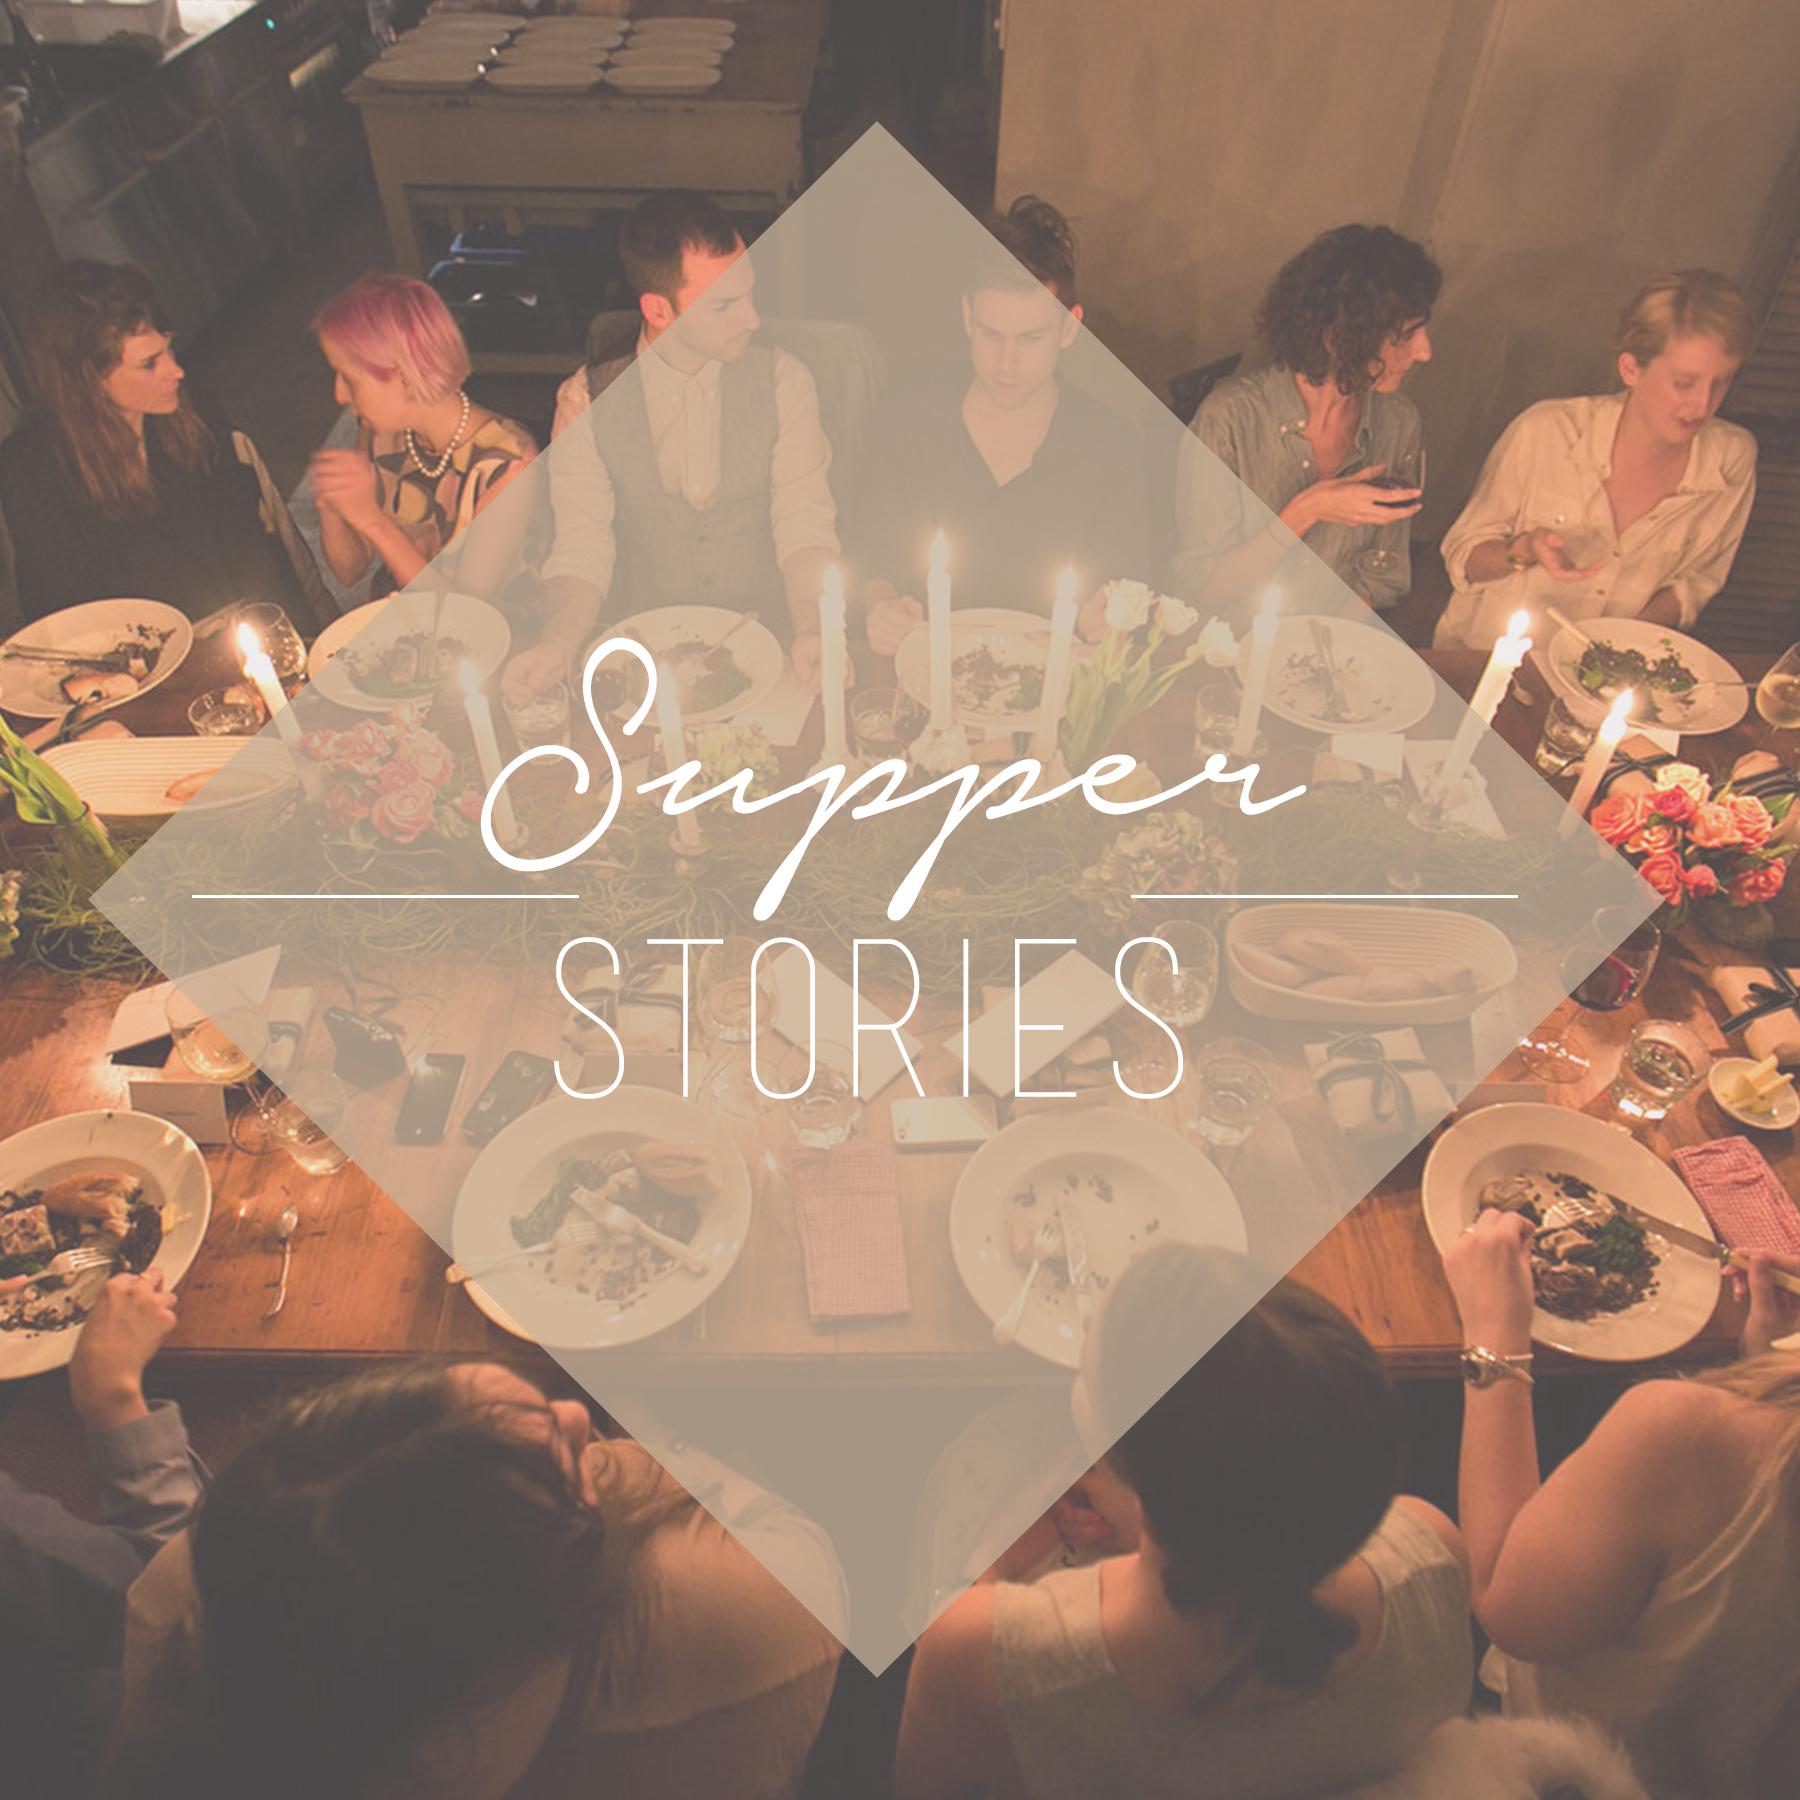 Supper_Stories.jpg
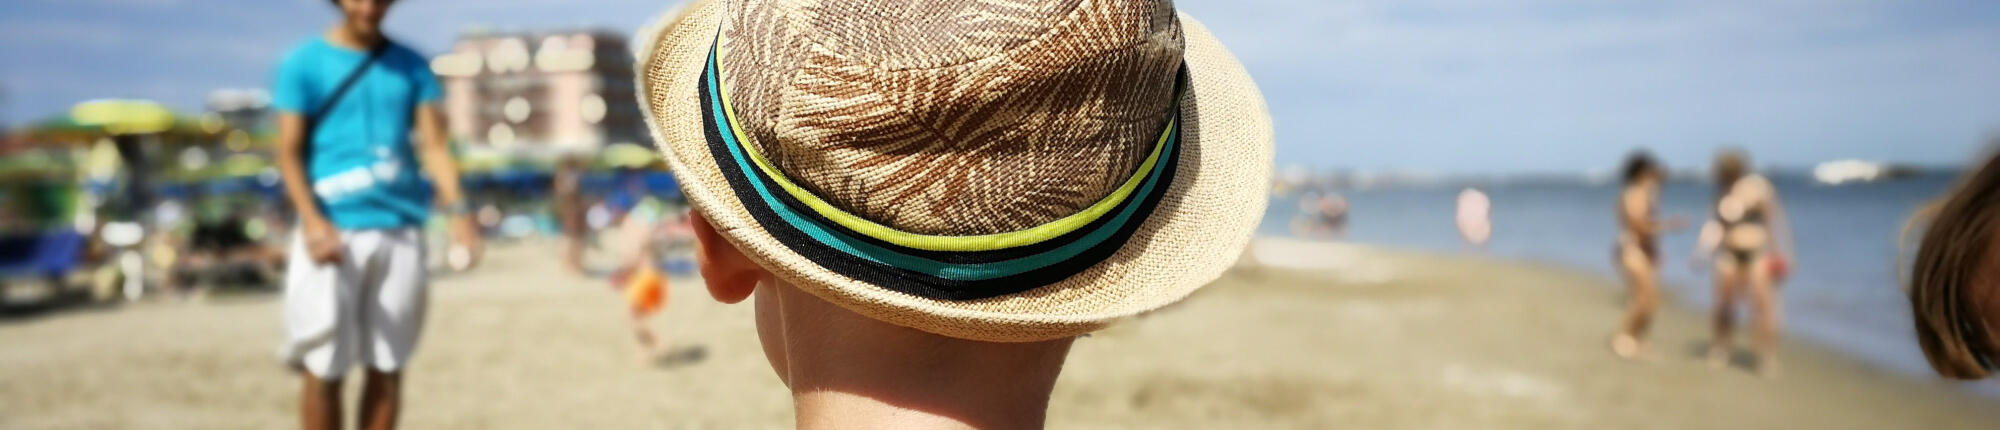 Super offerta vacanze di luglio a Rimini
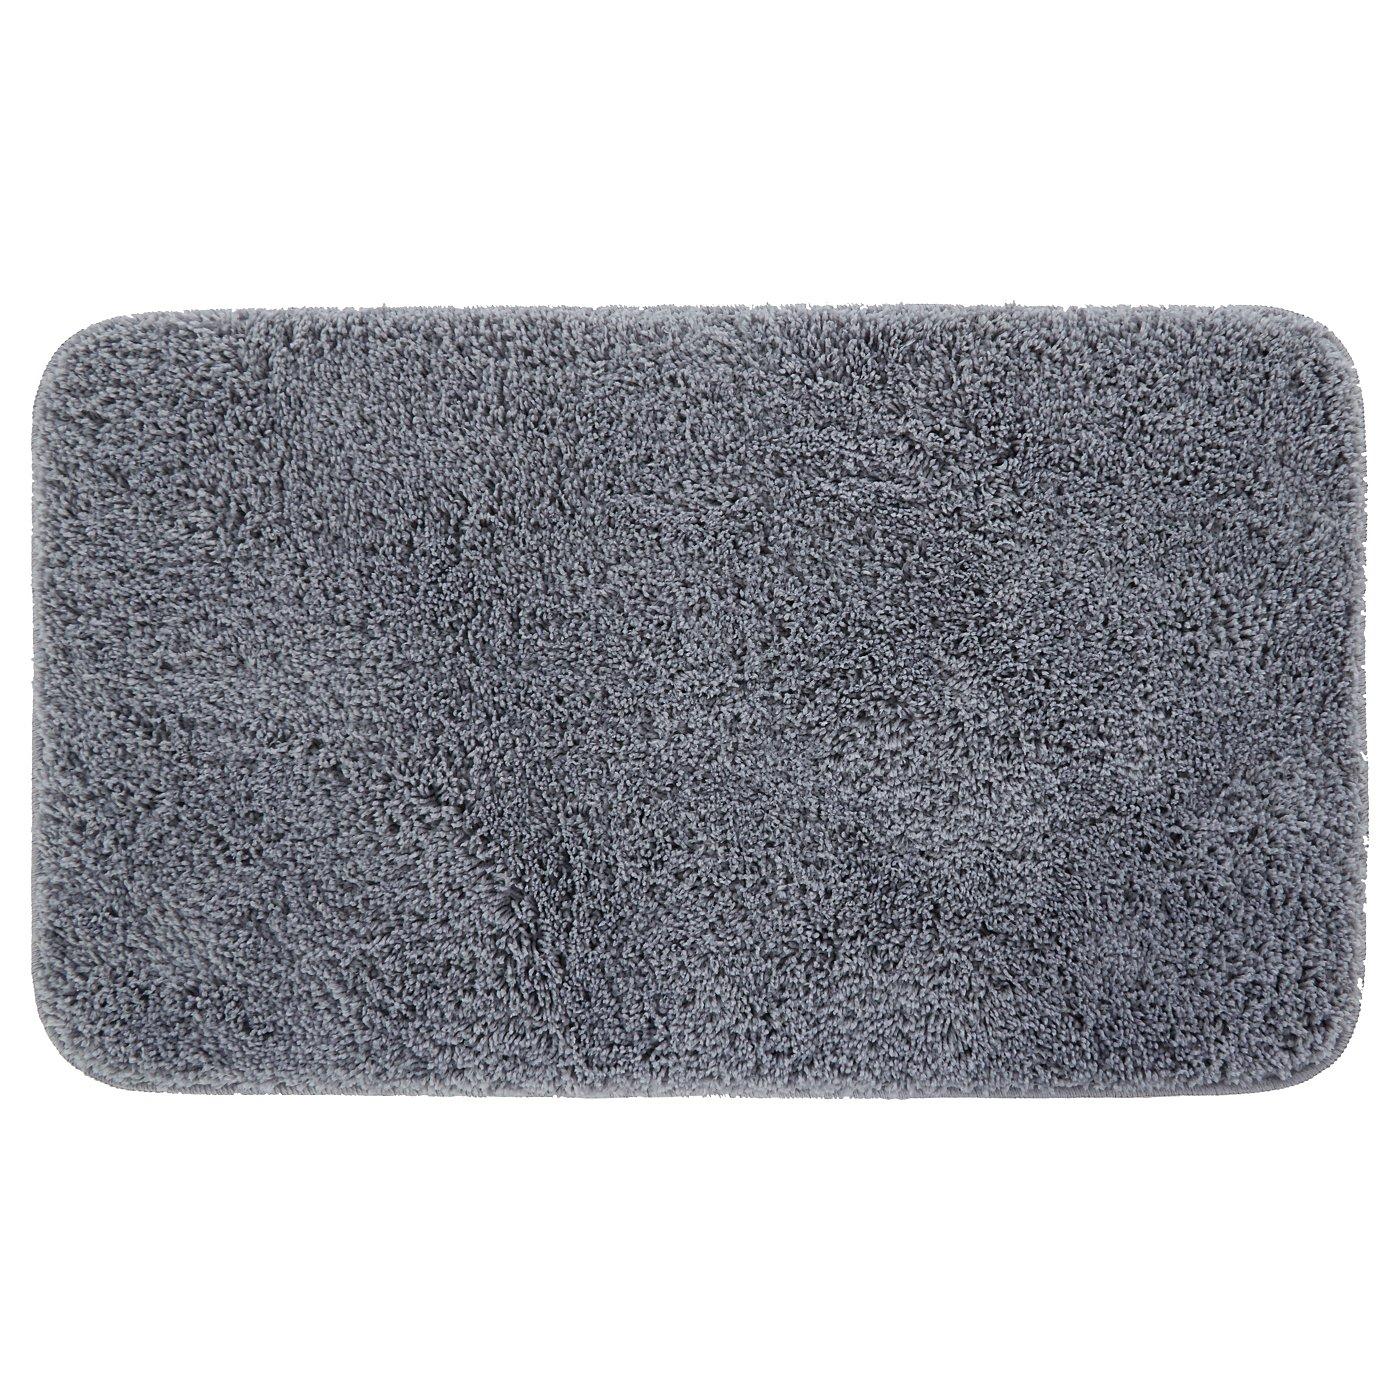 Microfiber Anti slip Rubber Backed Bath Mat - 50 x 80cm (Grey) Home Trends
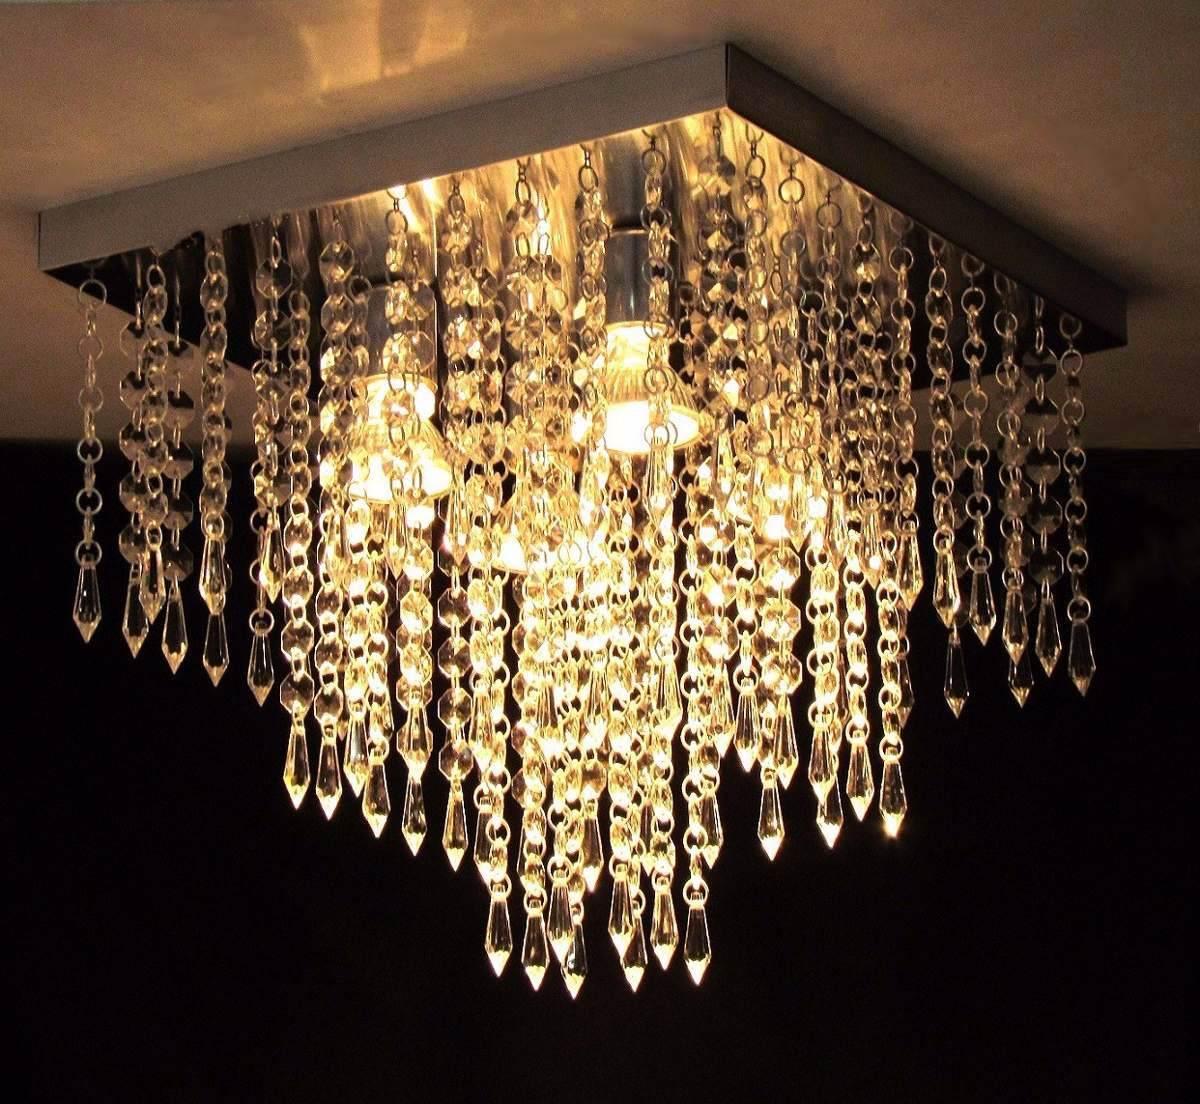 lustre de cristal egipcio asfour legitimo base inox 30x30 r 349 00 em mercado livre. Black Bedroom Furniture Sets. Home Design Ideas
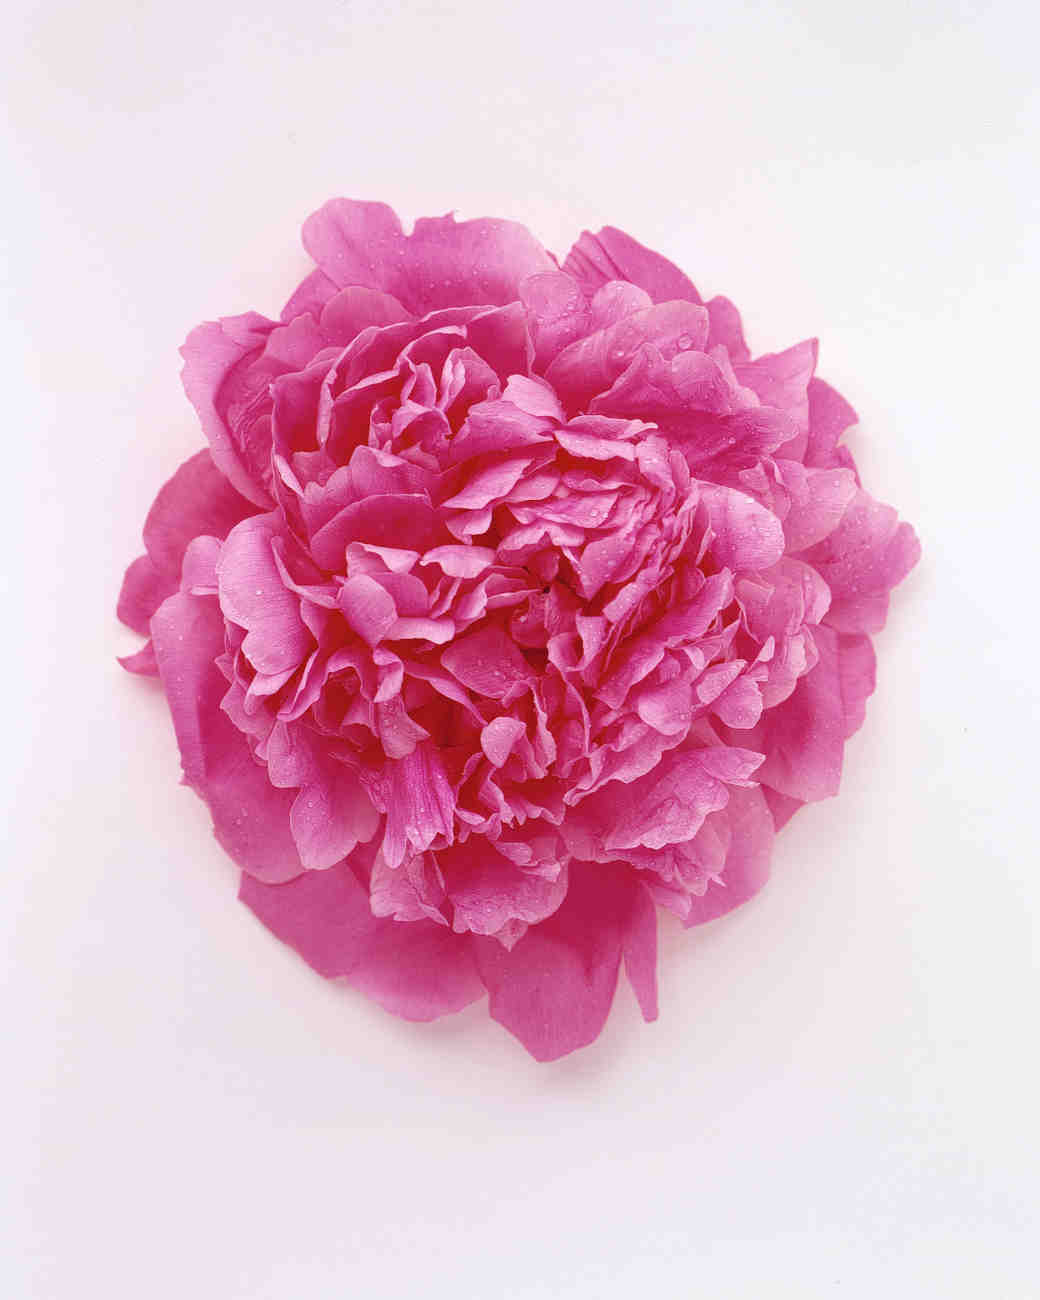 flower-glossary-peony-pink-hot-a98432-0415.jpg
--------
_Exercise goal_
Repeat each entry above exactly. Omit the pictures.

_Written answer_
 Supper_Stories.jpg
 Super offerta vacanze di luglio a Rimini
 Microfiber Anti slip Rubber Backed Bath Mat - 50 x 80cm (Grey) Home Trends
 lustre de cristal egipcio asfour legitimo base inox 30x30 r 349 00 em mercado livre. Black Bedroom Furniture Sets. Home Design Ideas
 flower-glossary-peony-pink-hot-a98432-0415.jpg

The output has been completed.